# PROLOGIC Senzora VTSW 3+1 Funk Bissanzeiger



## carpstaffelsta (7. September 2009)

Wie findet ihr die bissanzeiger? 

könnt ihr mir ein bericht oder erfahrung schreiben wäre gut 

hier noch mal zu lesen


http://www.angelgeraete-wilkerling....-bissanzeiger-p-11973&cName=bissanzeiger-c-23


----------



## Carras (8. September 2009)

*AW: PROLOGIC Senzora VTSW 3+1 Funk Bissanzeiger*

Hi,

hatte die Prologic Bissis auch schon, habe Sie aber wieder zurück geschickt, weil ich günstig an die Delkim TXi gekommen bin.
Von der Verarbeitung her, kannst Du die Prologic mit den Delkims vergleichen. Soll heißen, auch hier ist das Gehäuse nicht "das Beste vom Besten". 
Die Funkübertragung der Prologic ist 1:1,...was bei Bissis in der Preisklasse nicht normal ist.
Die ersten Serien hatten wohl ein Reichweitenproblem, was inzwischen aber gelöst sein soll. (Gut,..bei Carp Sounder z.B., ist das immer noch ein Thema,...)

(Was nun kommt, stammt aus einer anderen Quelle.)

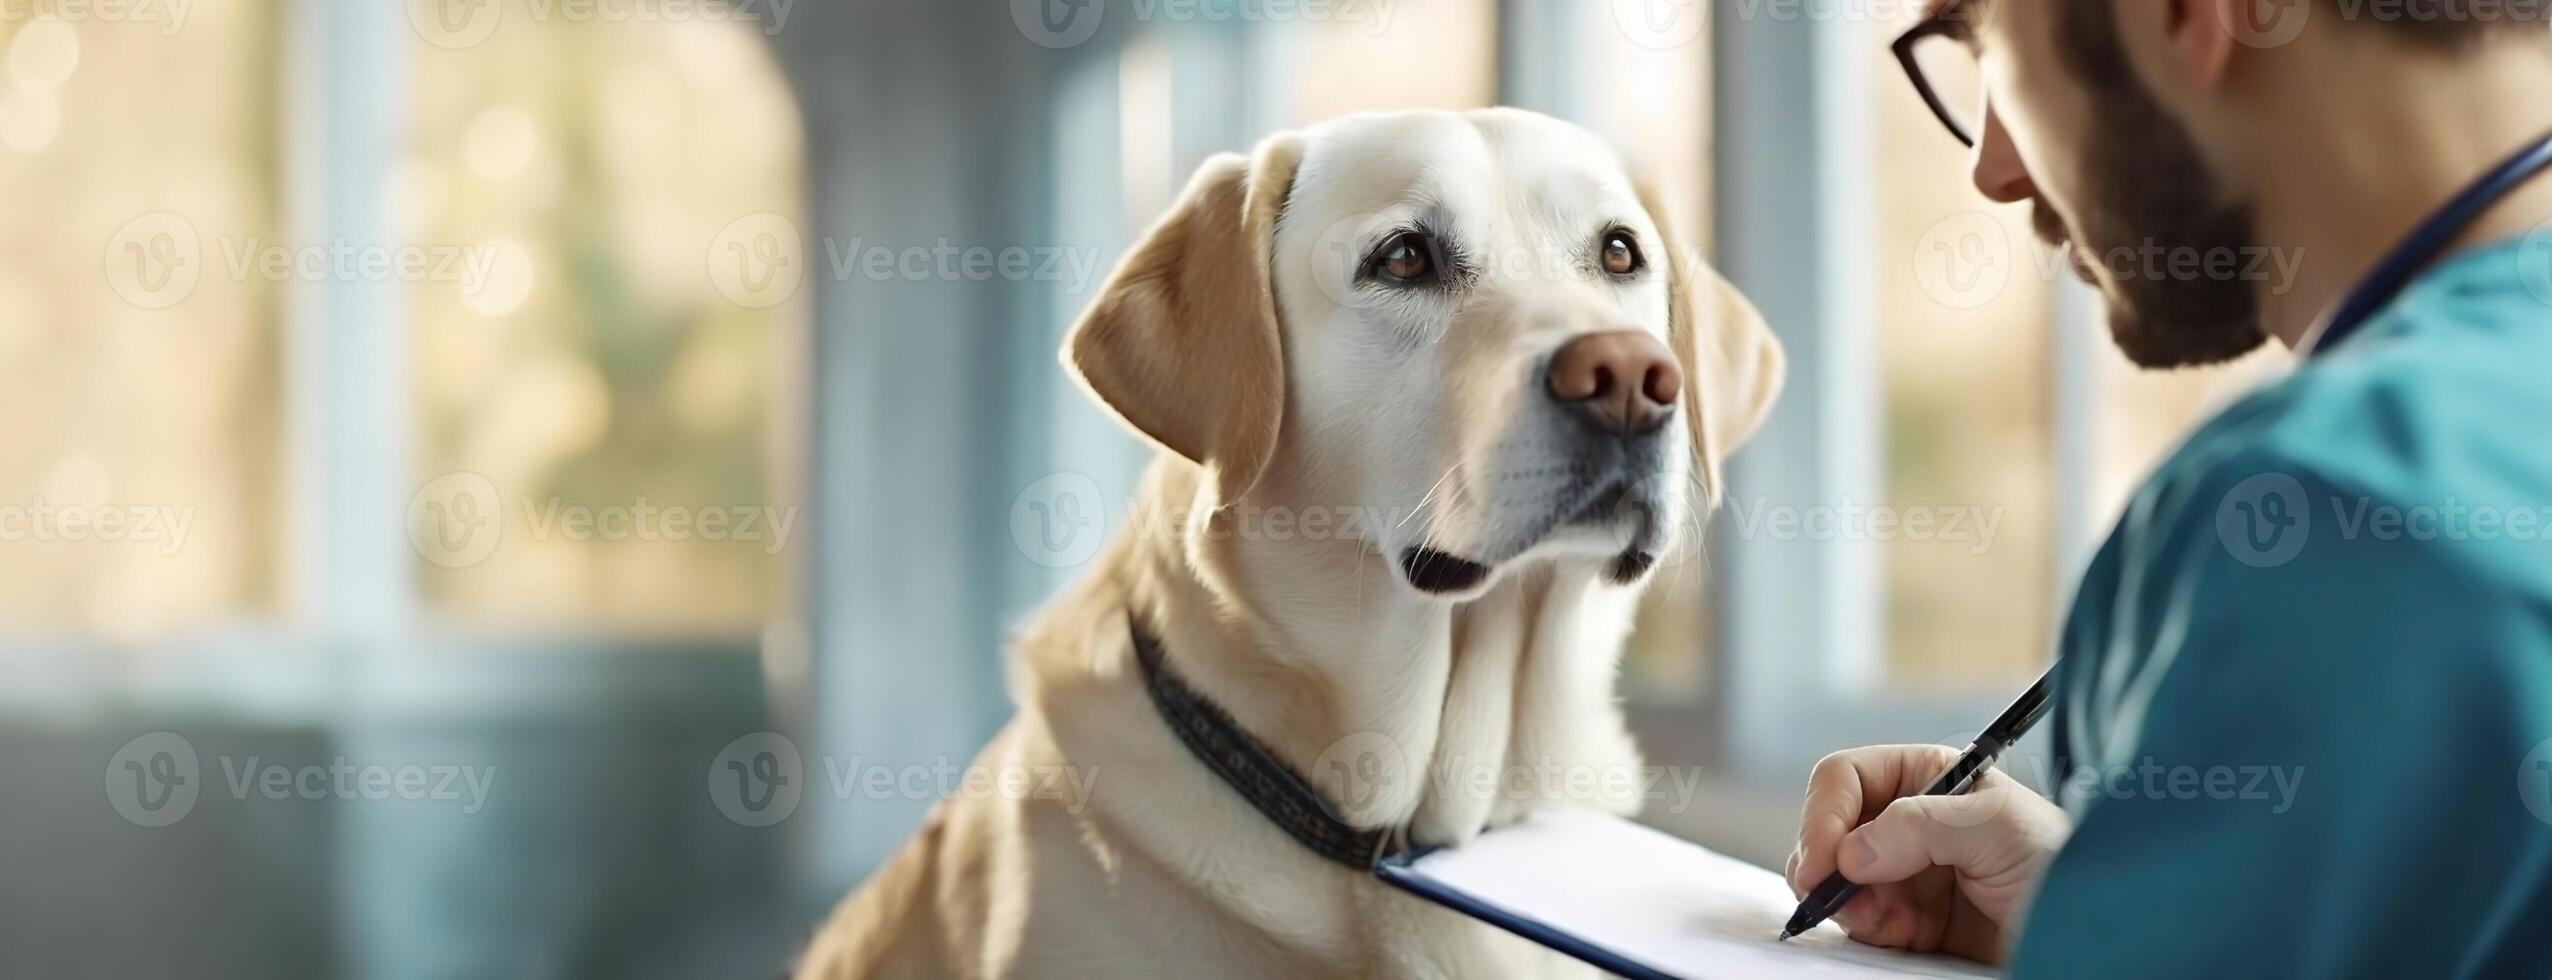 ai genererad labrador utseende uppmärksamt på en veterinär. hund blickar på läkare, ögonblick av förtroende och vård fångad i en klinik miljö, reflekterande de obligation mellan djur och människor. foto

Unterm Strich hast Du bei den Prologic's ein Set, welches Dir, zu dem Preis, eine gute Leistung bietet.

Gruß

Carras


----------



## carpstaffelsta (8. September 2009)

*AW: PROLOGIC Senzora VTSW 3+1 Funk Bissanzeiger*

danke

ist klar wenn ich delkims günstig finde würd ich die auch nehmen


----------



## carpstaffelsta (8. September 2009)

*AW: PROLOGIC Senzora VTSW 3+1 Funk Bissanzeiger*

weis einer noch was über die
PROLOGIC Polyphonic VTSW?

http://www.angelgeraete-wilkerling....-neuheit-2009-p-19260&cName=bissanzeiger-c-23


----------



## Carp--Angler (8. September 2009)

*AW: PROLOGIC Senzora VTSW 3+1 Funk Bissanzeiger*

http://www.youtube.com/watch?v=VfSsUIRccsQ


----------



## Schleie! (8. September 2009)

*AW: PROLOGIC Senzora VTSW 3+1 Funk Bissanzeiger*

Kollege fischt die Senzora, aber total unzufrieden.
er verkaquft seine und holt sich ebenfalls delkims...


----------



## Tino (9. September 2009)

*AW: PROLOGIC Senzora VTSW 3+1 Funk Bissanzeiger*



Schleie! schrieb:


> Kollege fischt die Senzora, aber total unzufrieden.
> er verkaquft seine und holt sich ebenfalls delkims...


 
Warum ist er unzufrieden? Bin auch an den genannten interessiert.

Danke


----------



## derNershofer (9. September 2009)

*AW: PROLOGIC Senzora VTSW 3+1 Funk Bissanzeiger*

bei mir sind es jetzt die billigpieper von b. richi geworden kann mal berichten was die taugen wenn sie morgen hoffentlich kommen


----------



## derMaggi (13. Februar 2010)

*AW: PROLOGIC Senzora VTSW 3+1 Funk Bissanzeiger*

Ich fische die Teile jetzt seit einem Jahr bin in Punkto Genauigkeit und Verarbeitung eigentlich zufrieden. Einzigstes Minus ist die Lautstärke des Empfängers ansonsten kann ich die Teile echt empfehlen. #6


----------



## Actionman (31. März 2010)

*AW: PROLOGIC Senzora VTSW 3+1 Funk Bissanzeiger*

http://www.anglerboard.de/board/showthread.php?p=2886294#post2886294


----------



## xpudel666x (31. März 2010)

*AW: PROLOGIC Senzora VTSW 3+1 Funk Bissanzeiger*

Habe die Polyphonic auf ner Messe vorgeführt bekommen.. machen ganz lustige Geräusche. Preis im Gegensatz zu Delkims ja auch human..


----------



## Spinnfisch (2. April 2010)

*AW: PROLOGIC Senzora VTSW 3+1 Funk Bissanzeiger*

mein kumpel hat sie jetzt auch und sie werden  nächste woche 6 tage getestet

gründsätzlich sind prologic bissanzeiger der hammer - ich hab die puck mans seit einem jahr: Fazit: die besten bissanzeiger die ich je hatte. sie haben schon eine woche dauerfrost ud schnee ohne probleme ausgehalten und auch schon tagelangen schüttregen- meiner meinung nach die bestzen bissanzeiger in der preiskalsse unter 100€


----------